--- Data to examine Enclosed Below ---
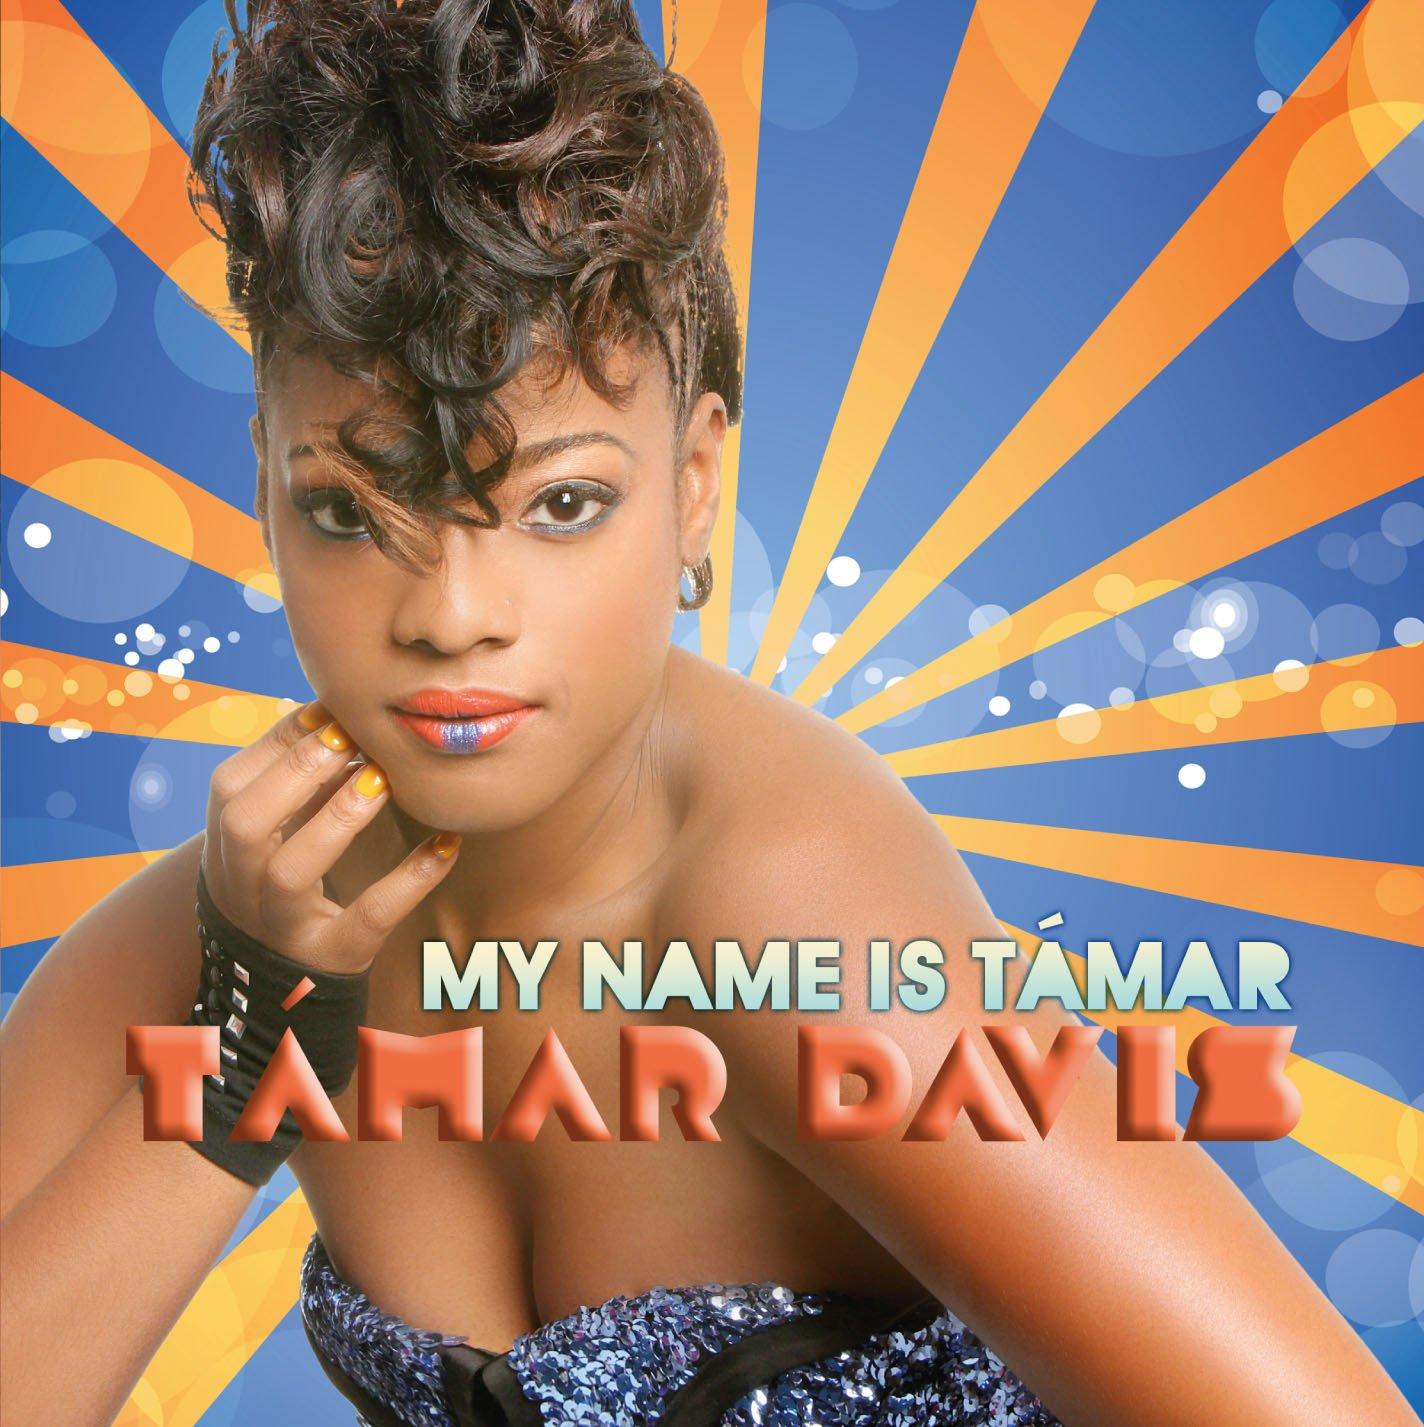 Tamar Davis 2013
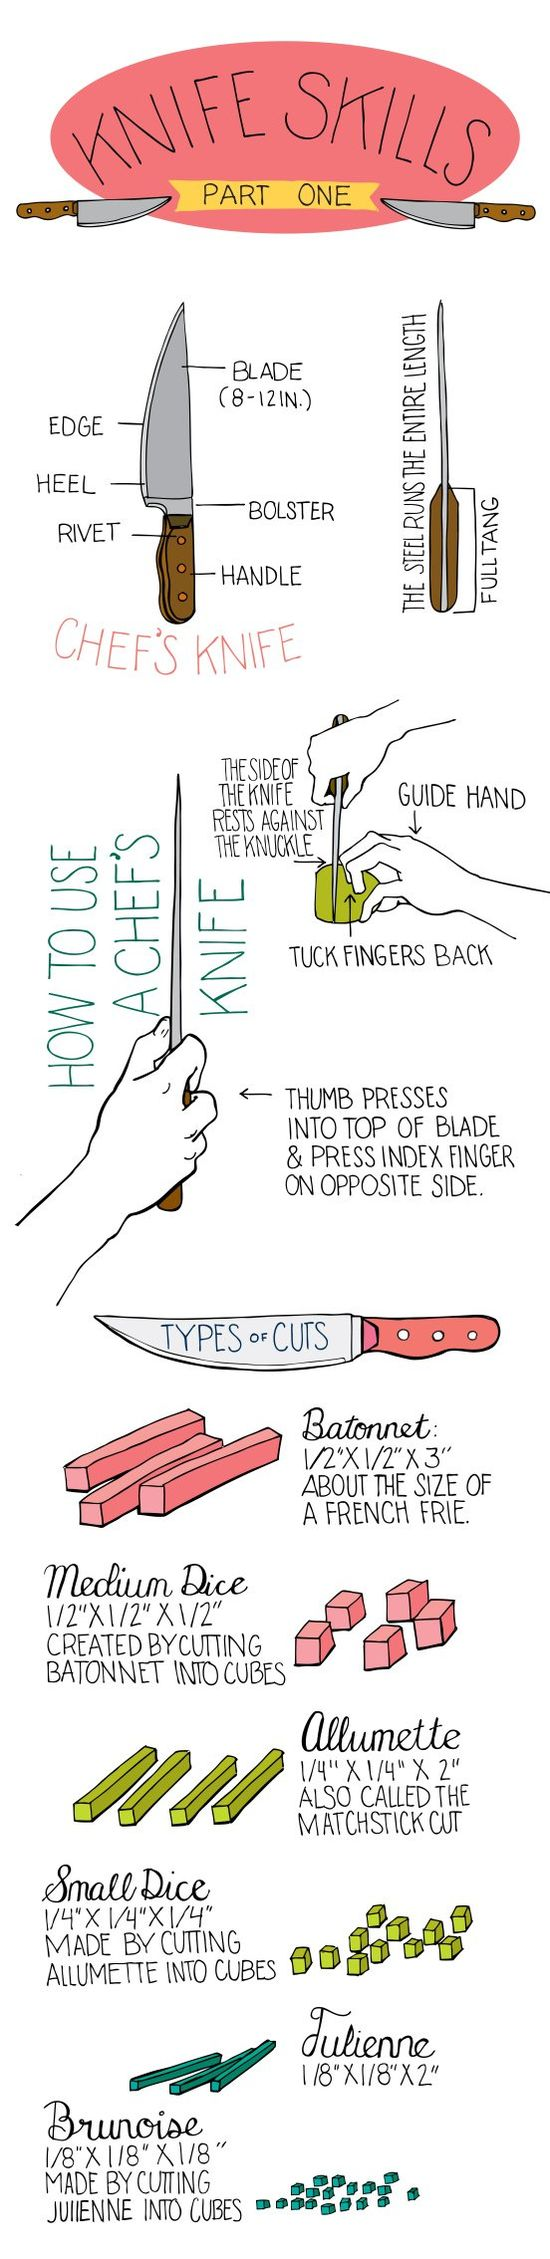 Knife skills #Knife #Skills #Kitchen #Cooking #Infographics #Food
--- End of Enclosed Data to examine ---
--- Data to examine Enclosed Below ---
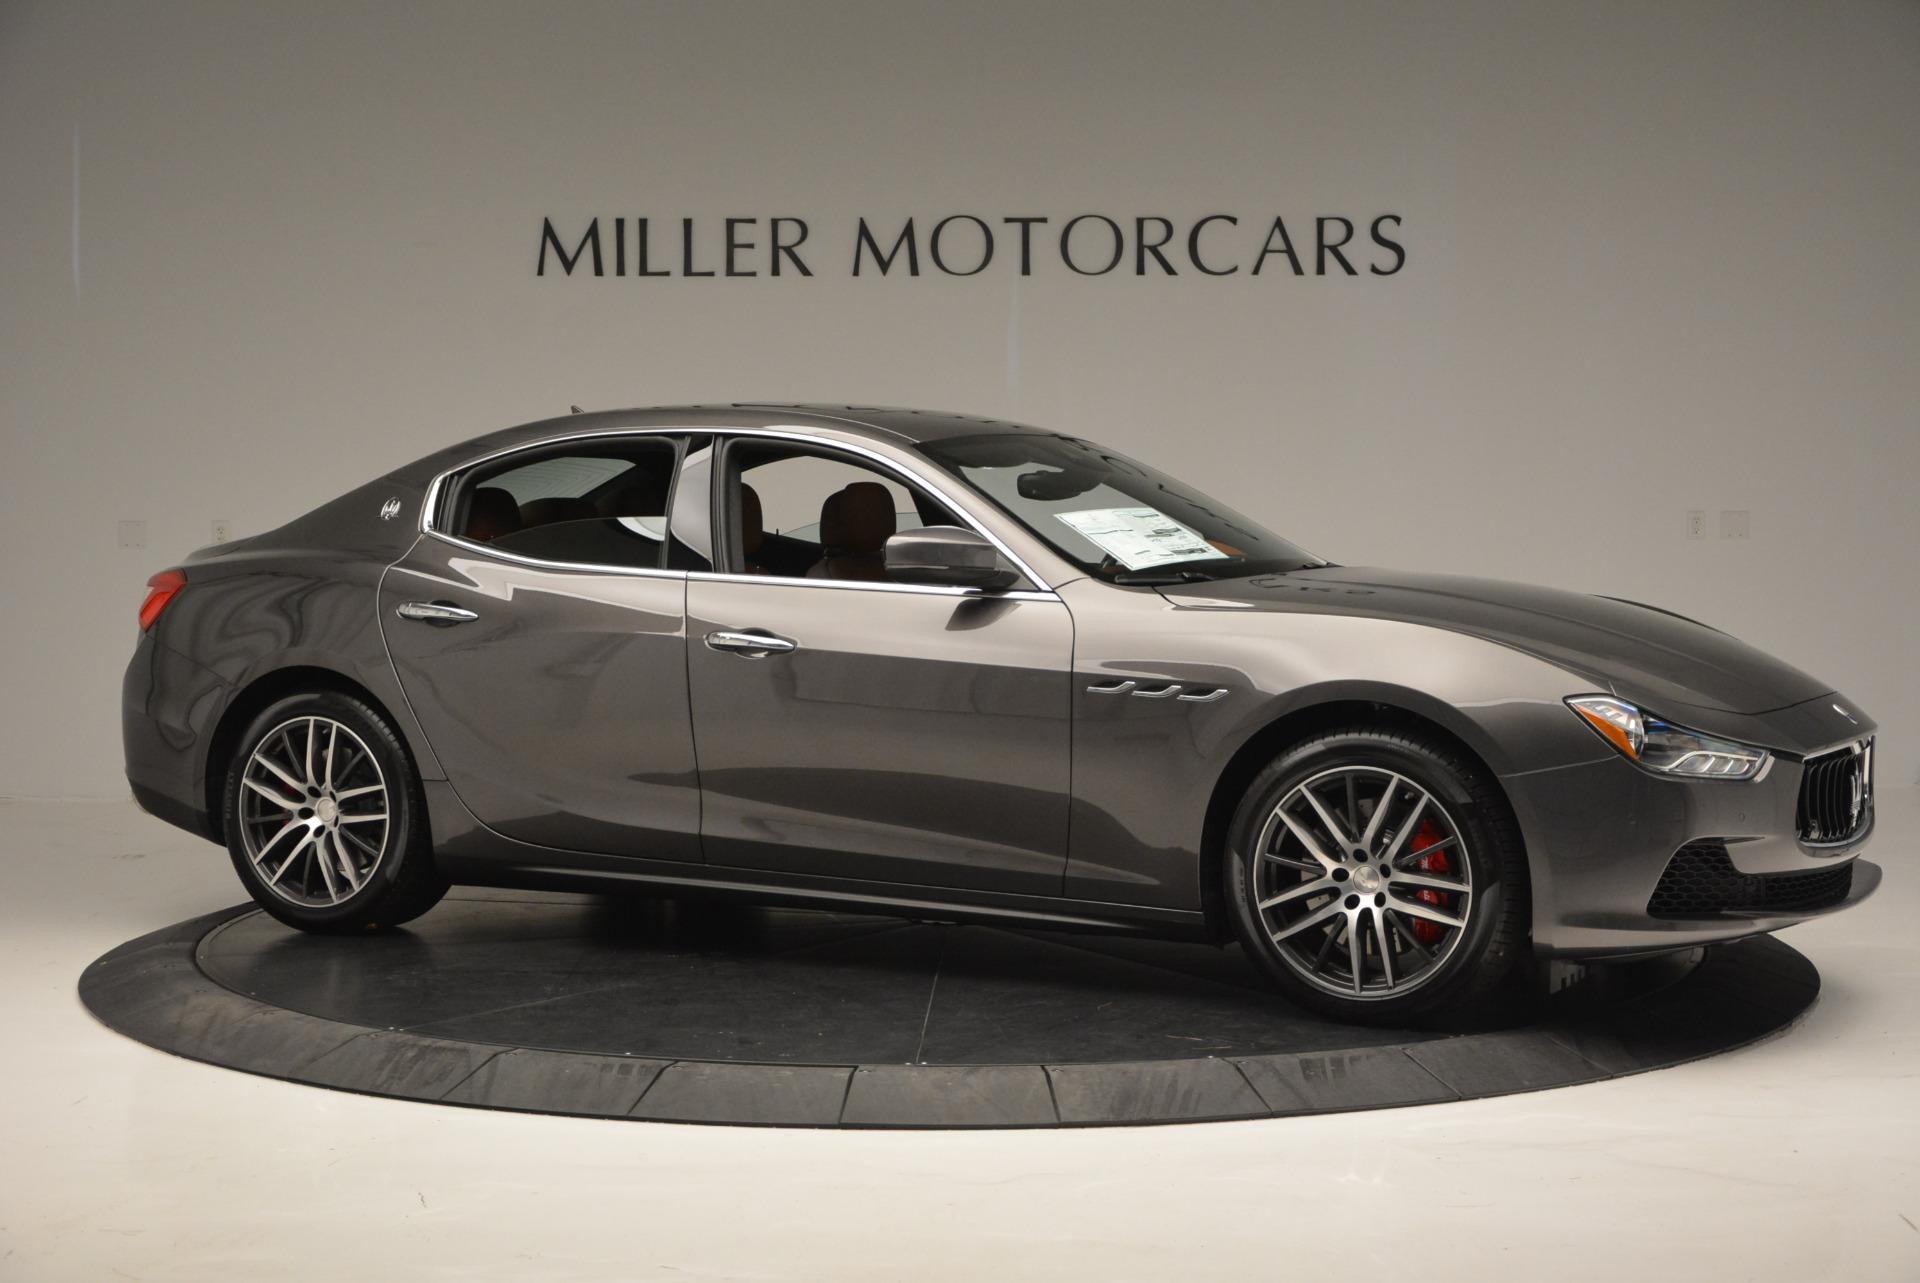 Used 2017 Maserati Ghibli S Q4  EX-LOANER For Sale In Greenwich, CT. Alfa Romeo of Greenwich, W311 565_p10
--- End of Enclosed Data to examine ---
What you need to do:
Exactly the lines above from the one that contains "Tamar Davis 2013" down to the one that contains "Knife skills #Knife" are to be output, both ends kept and pictures omitted.

The completed task:
 Tamar Davis 2013
 Knife skills #Knife #Skills #Kitchen #Cooking #Infographics #Food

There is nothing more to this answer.